# Snow Commander - need parts



## bosco659 (Feb 1, 2013)

Just picked up a 38602 Snow commander snowblower today. Was hard to start then started surging. I took the carb apart and although there were some deposits in the jet holes it didn't look too bad. Cleaned the holes and was ready to put it back together. Noticed one of the brass tangs that hold the cork float were broken so now I need a float. I've read that the float is obsolete (part number 801316). Anyone know if there is a substitute part?
The electric starter motor also seems to be dead. Need to find one of those as well (part number 801247). 
Finally, are these Rtek engines known for surging? 
Thanks


----------



## dbert (Aug 25, 2013)

I know some of the (lawn-boy) duraforce engines were famous for surging, but some re-jetting and other tricks could get them to smooth out.
These are the floats made of cork yes?
Since the linage of the R-tec goes back to the Lawn-boy, I wonder if any of their floats will fit/work? I know they are also made with cork.


----------



## skutflut (Oct 16, 2015)

bosco659 said:


> Just picked up a 38602 Snow commander snowblower today. Was hard to start then started surging. I took the carb apart and although there were some deposits in the jet holes it didn't look too bad. Cleaned the holes and was ready to put it back together. Noticed one of the brass tangs that hold the cork float were broken so now I need a float. I've read that the float is obsolete (part number 801316). Anyone know if there is a substitute part?
> The electric starter motor also seems to be dead. Need to find one of those as well (part number 801247).
> Finally, are these Rtek engines known for surging?
> Thanks


This company lists a carb kit, maybe you will get lucky
https://weingartz.com/model/38602-snow-commander-snow-blower/


----------



## jtclays (Sep 24, 2010)

Do you have a local parts place you could go look at something in hand?
I looked around and even found that exact question on Briggs' site, not available:facepalm_zpsdj194qh In fact their response was no alternate either.
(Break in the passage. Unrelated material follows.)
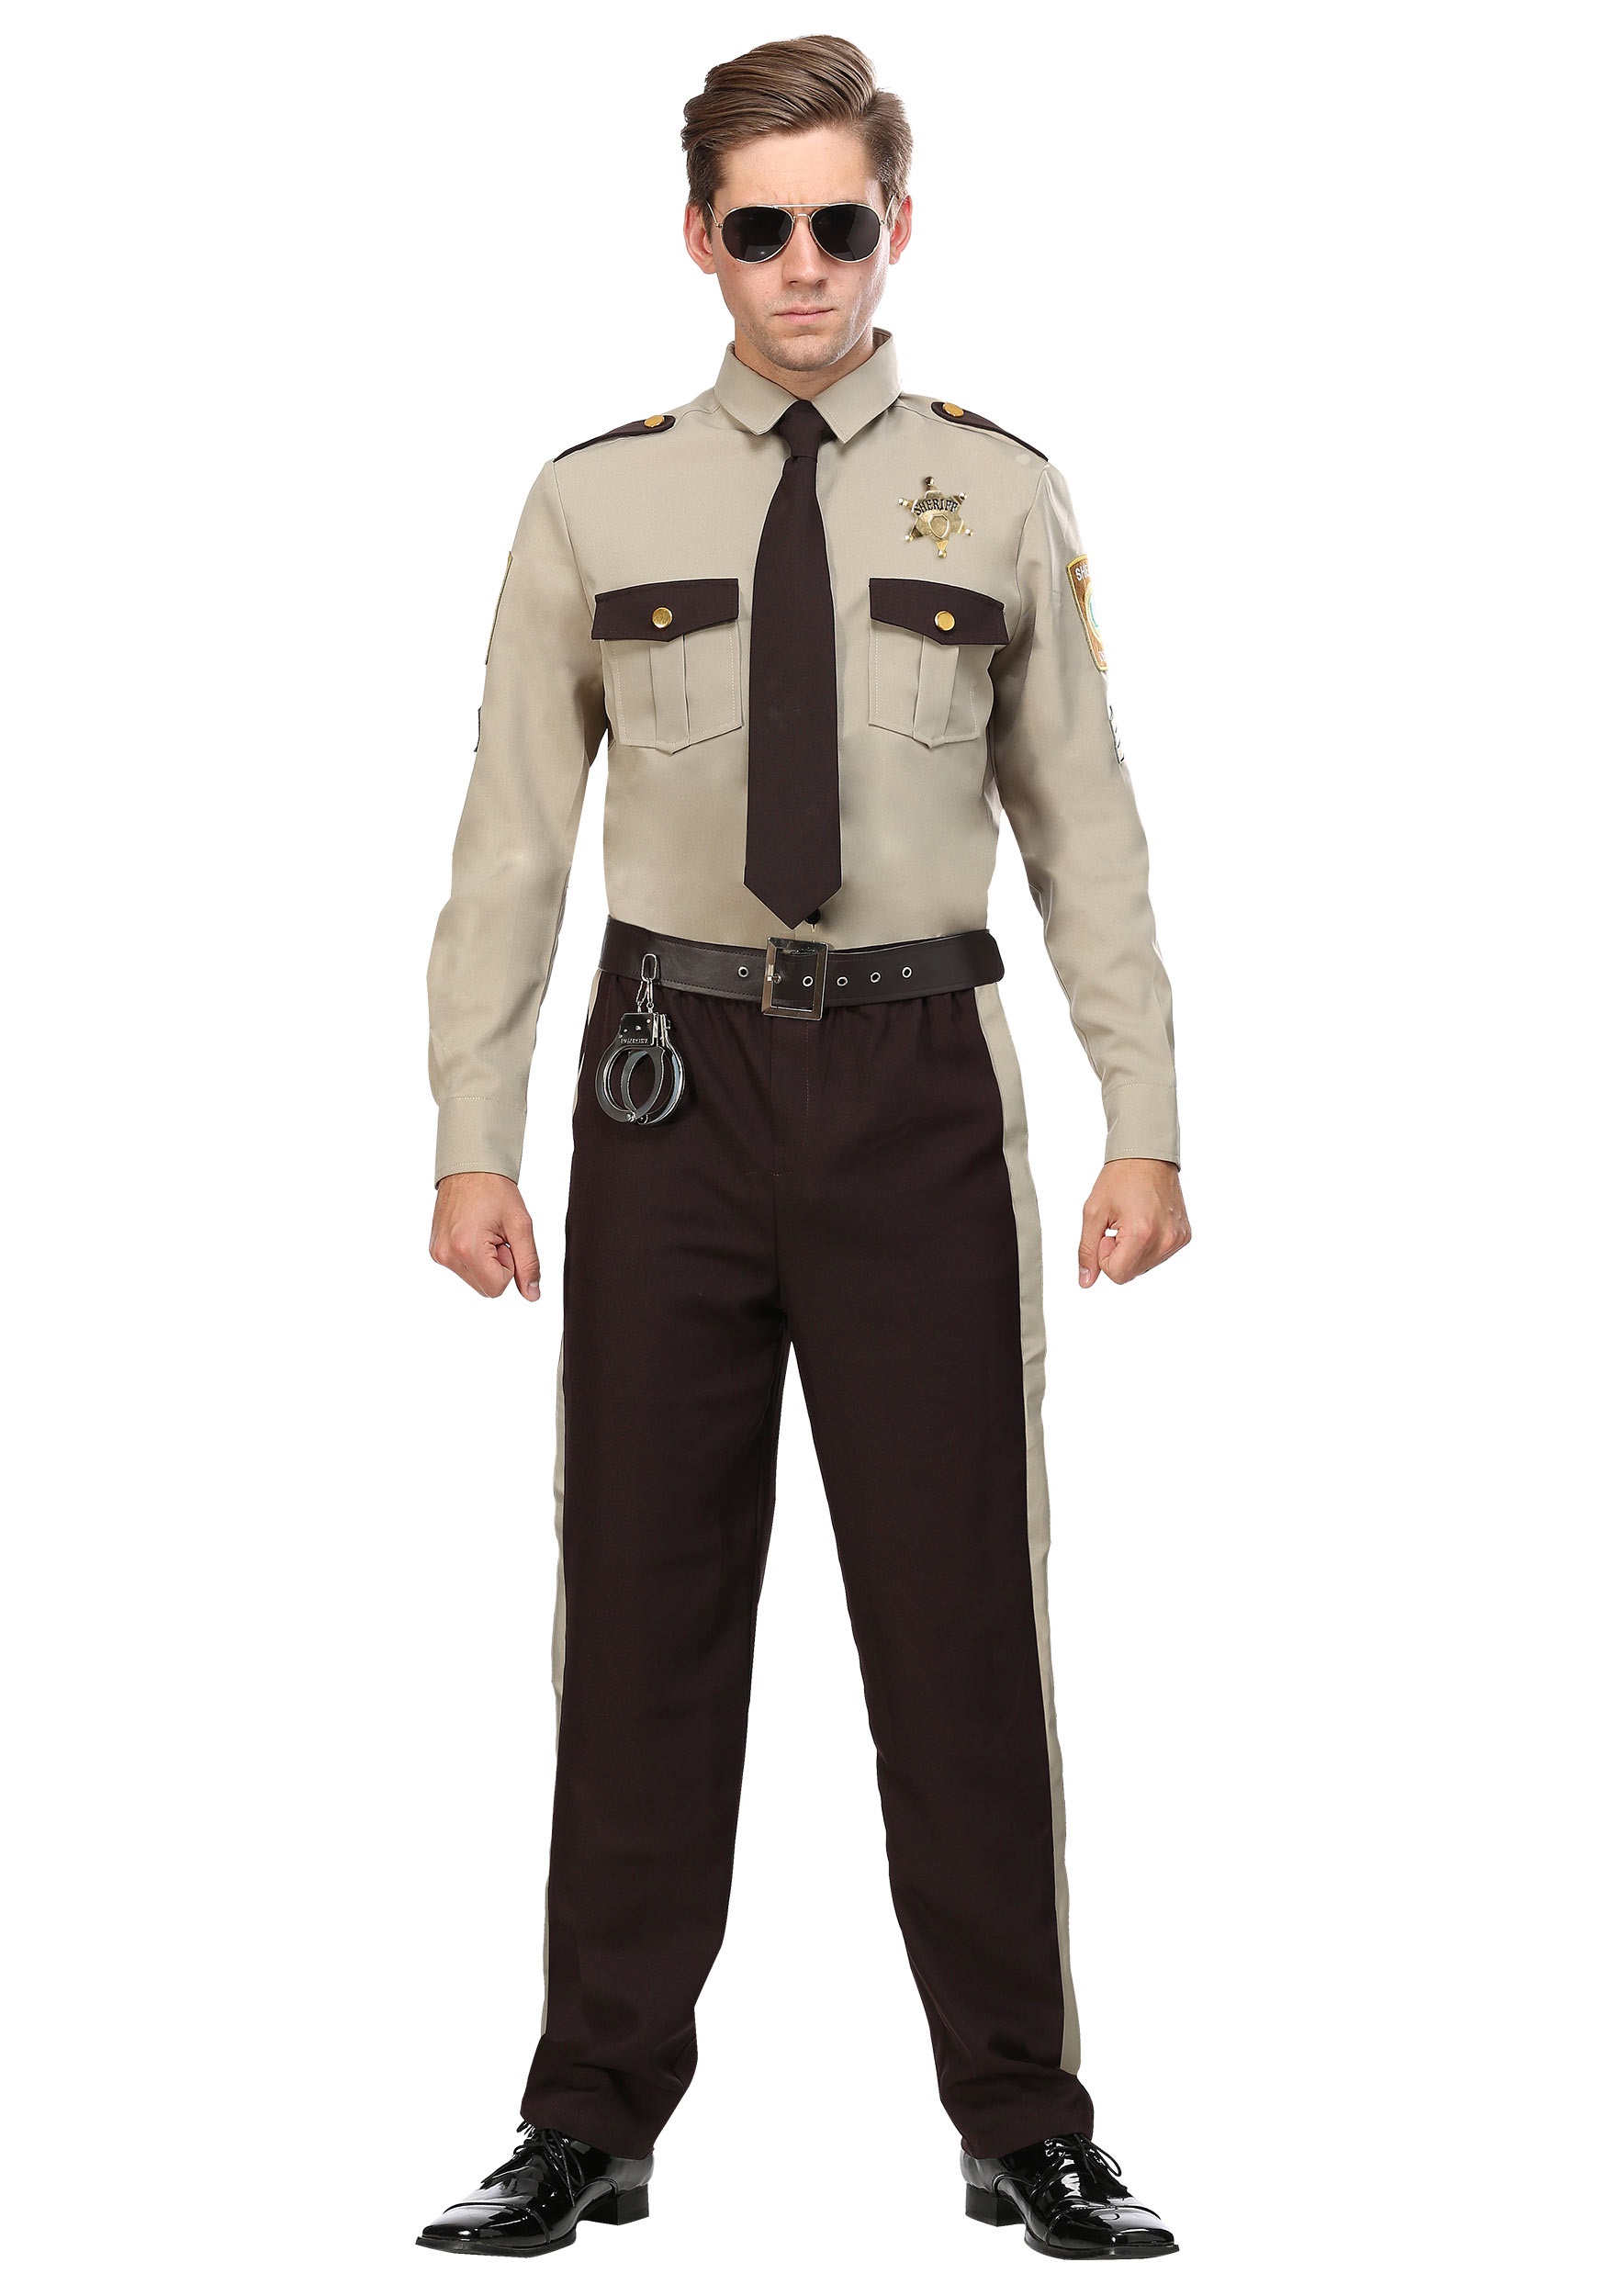 Plus Size Men’s Sheriff Costume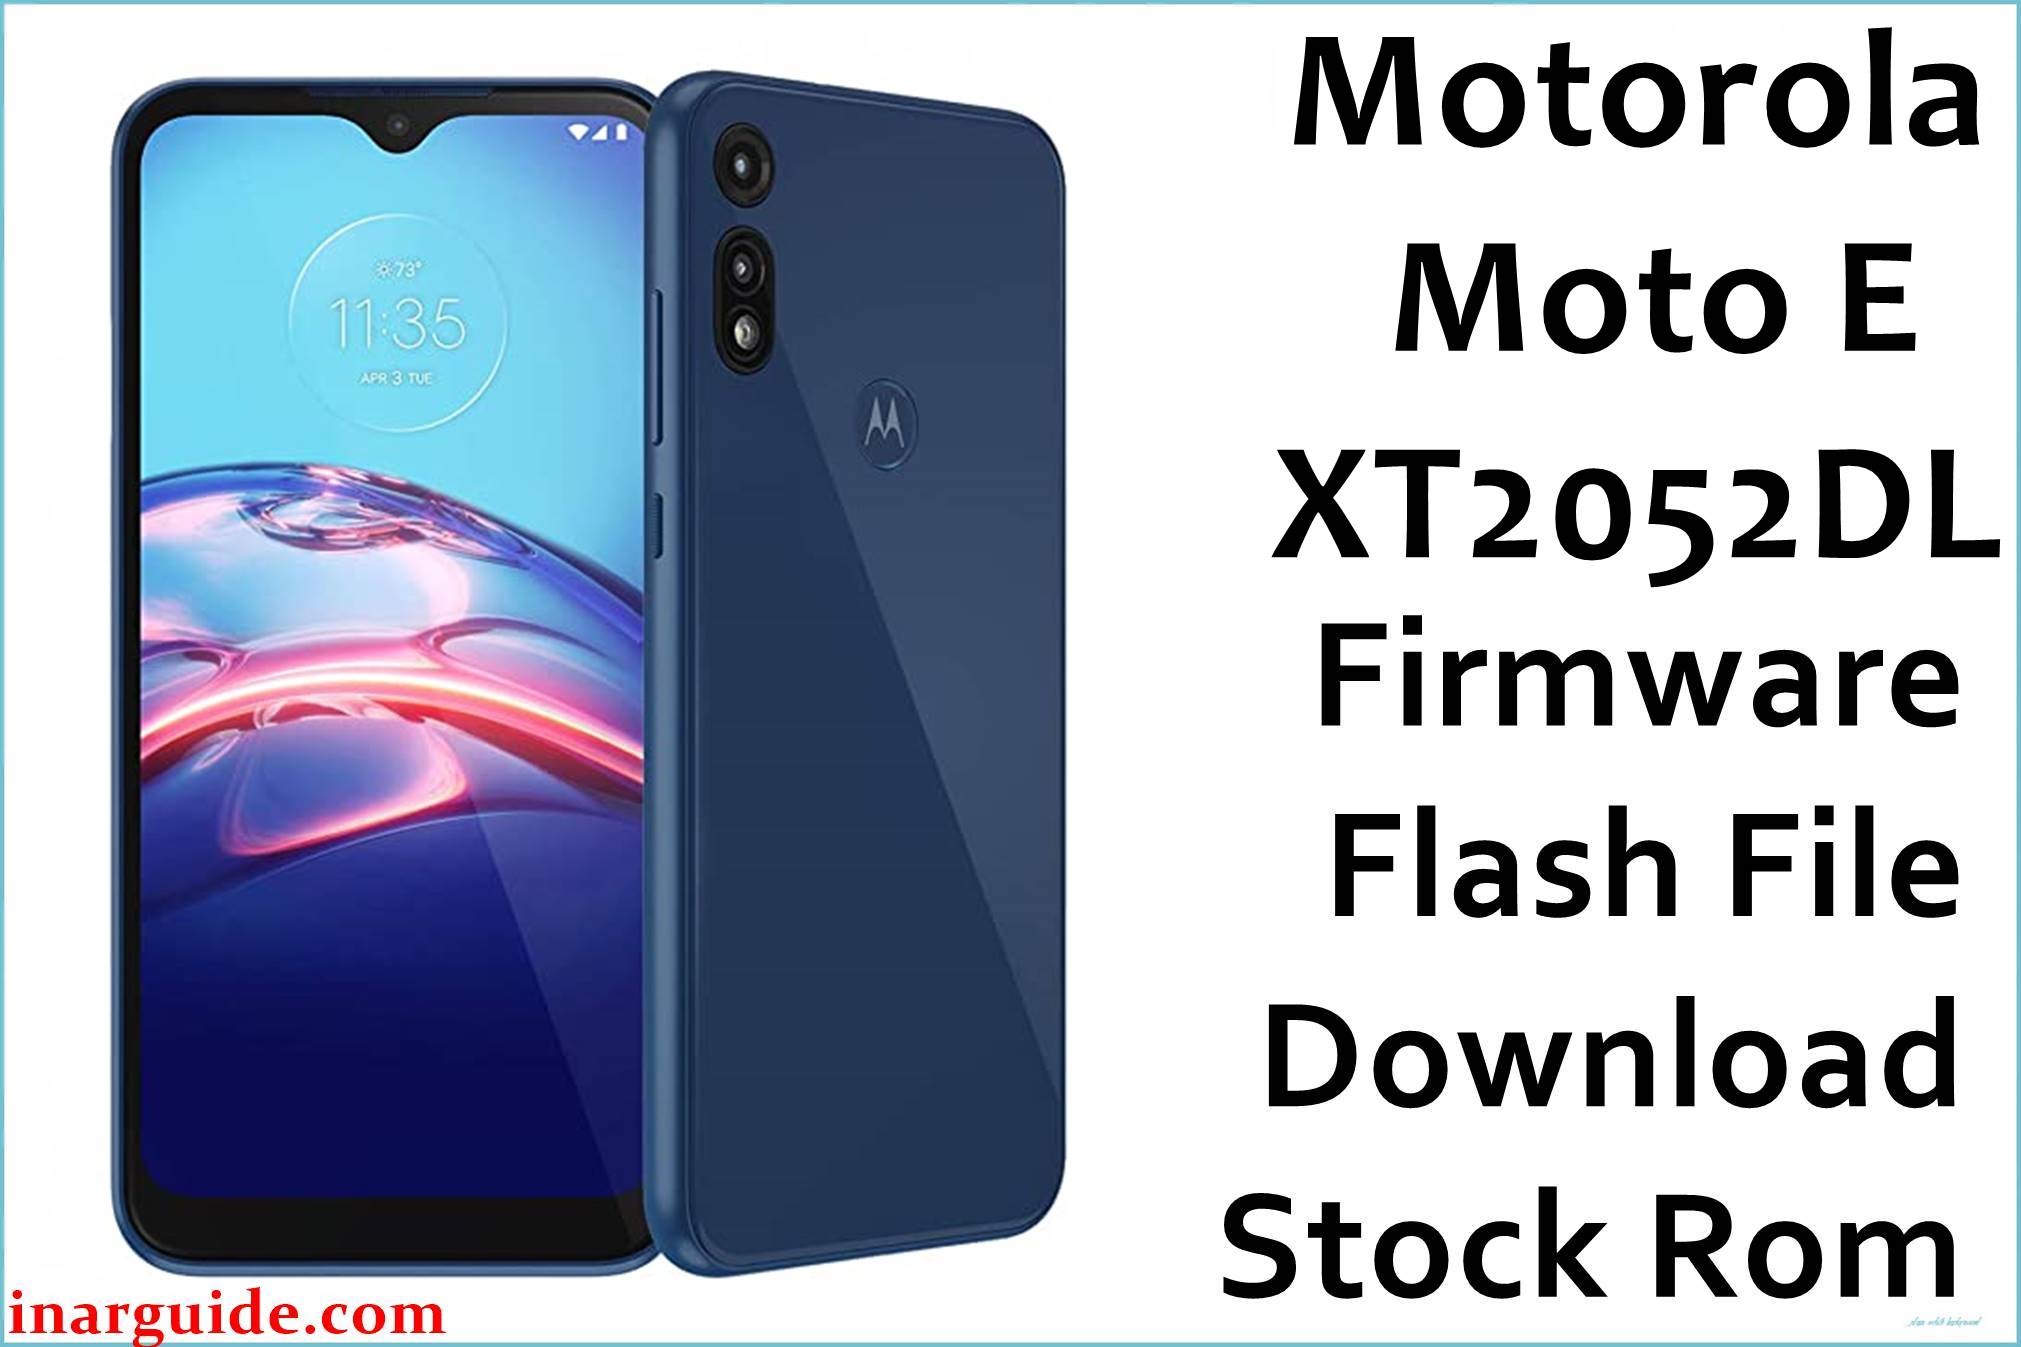 Motorola Moto E XT2052DL

I see part number 
Briggs and Stratton 801422 for around $5 that looks pretty close to the shape of the cork one in the very hard to tell photos on the net. If you can take your old float and look at the other one in hand to see if it might work. Briggs lately has been less than helpful, IMO. Discontinued $5 part with no alternative for a machine they marketed as the premium of premium single stagers is hard to accept. Their replacement carb prices are on par with JD lawn tractor prices:smiley-confused009:


----------



## bosco659 (Feb 1, 2013)

Thanks for the replies. I called Briggs myself today and they confirm nothing is available. I called my friend at a local shop and he says he has used ones that should fit.

Had a look at the rebuild kit and it is essentially a gasket set.

I agree that this is unacceptable for Briggs to go obsolete on this part without an alternate solution. Oh well - used parts hunting I go and hopefully will not have a surging issue once reassembled.


----------